Documentation and Tutorials
---------------------------

- For detailed documentation and tutorials, visit the `scCellFie documentation <https://sccellfie.readthedocs.io>`_.

- For visualizing a summarized version of the results, visit the `scCellFie Metabolic Task Visualizer <https://www.sccellfie.org/>`_.

Installation
------------

To create a new conda environment (optional)::

    # Create a new conda environment
    conda create -n sccellfie -y python=3.10

    # Activate the environment
    conda activate sccellfie

To install scCellFie, use pip::

    pip install sccellfie

Quick Start
-----------

A quick example of how to use scCellFie with a single-cell dataset to infer metabolic activities and export them::

        import sccellfie
        import scanpy as sc

        # Load the dataset
        adata = sc.read(filename='./data/HECA-Subset.h5ad',
                        backup_url='https://zenodo.org/records/15072628/files/HECA-Subset.h5ad')

        # Run one-command scCellFie pipeline
        results = sccellfie.run_sccellfie_pipeline(adata,
                                                   organism='human',
                                                   sccellfie_data_folder=None,
                                                   n_counts_col='n_counts',
                                                   process_by_group=False,
                                                   groupby=None,
                                                   neighbors_key='neighbors',
                                                   n_neighbors=10,
                                                   batch_key='sample',
                                                   threshold_key='sccellfie_threshold',
                                                   smooth_cells=True,
                                                   alpha=0.33,
                                                   chunk_size=5000,
                                                   disable_pbar=False,
                                                   save_folder=None,
                                                   save_filename=None
                                                  )
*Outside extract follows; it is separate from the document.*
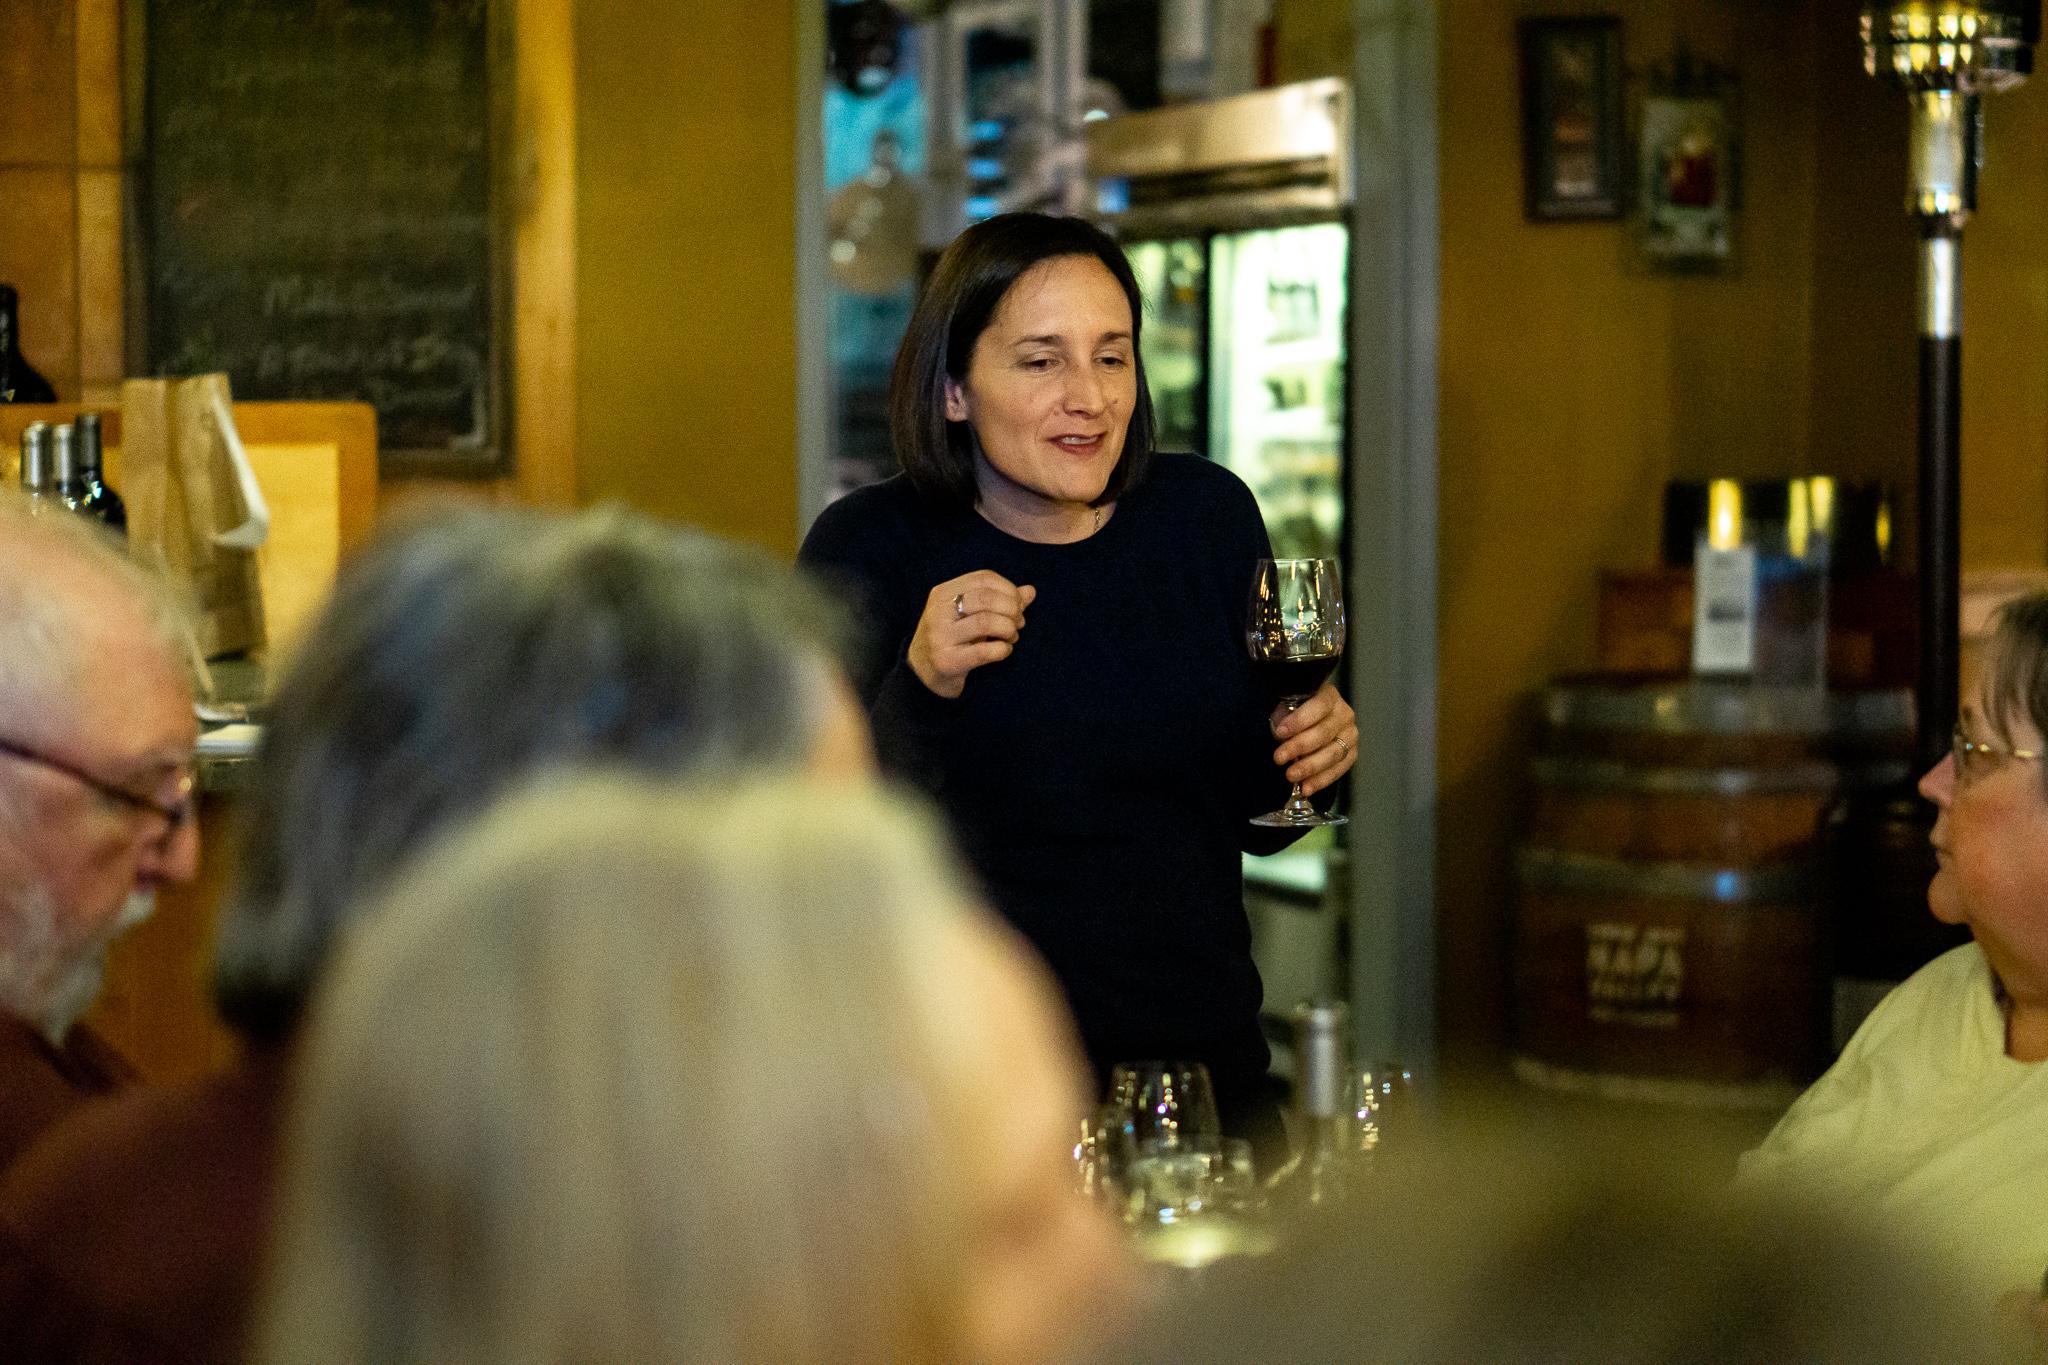 wine-maestro-the-sassy-gourmet-wine89.jpg

        # Save adata objects containing single-cell/spatial predictions
        sccellfie.io.save_adata(adata=results['adata'],
                                output_directory='/folder/path/',
                                filename='sccellfie_results'
                                )

        # Summarize results in a cell-group level for the Metabolic Task Visualizer
        report = sccellfie.reports.generate_report_from_adata(results['adata'].metabolic_tasks,
                                                              group_by=cell_group,
                                                              tissue_column='condition',
                                                              feature_name='metabolic_task'
                                                              )

        # Export files to a specific folder.
        sccellfie.io.save_result_summary(results_dict=report, output_directory='/folder/path/')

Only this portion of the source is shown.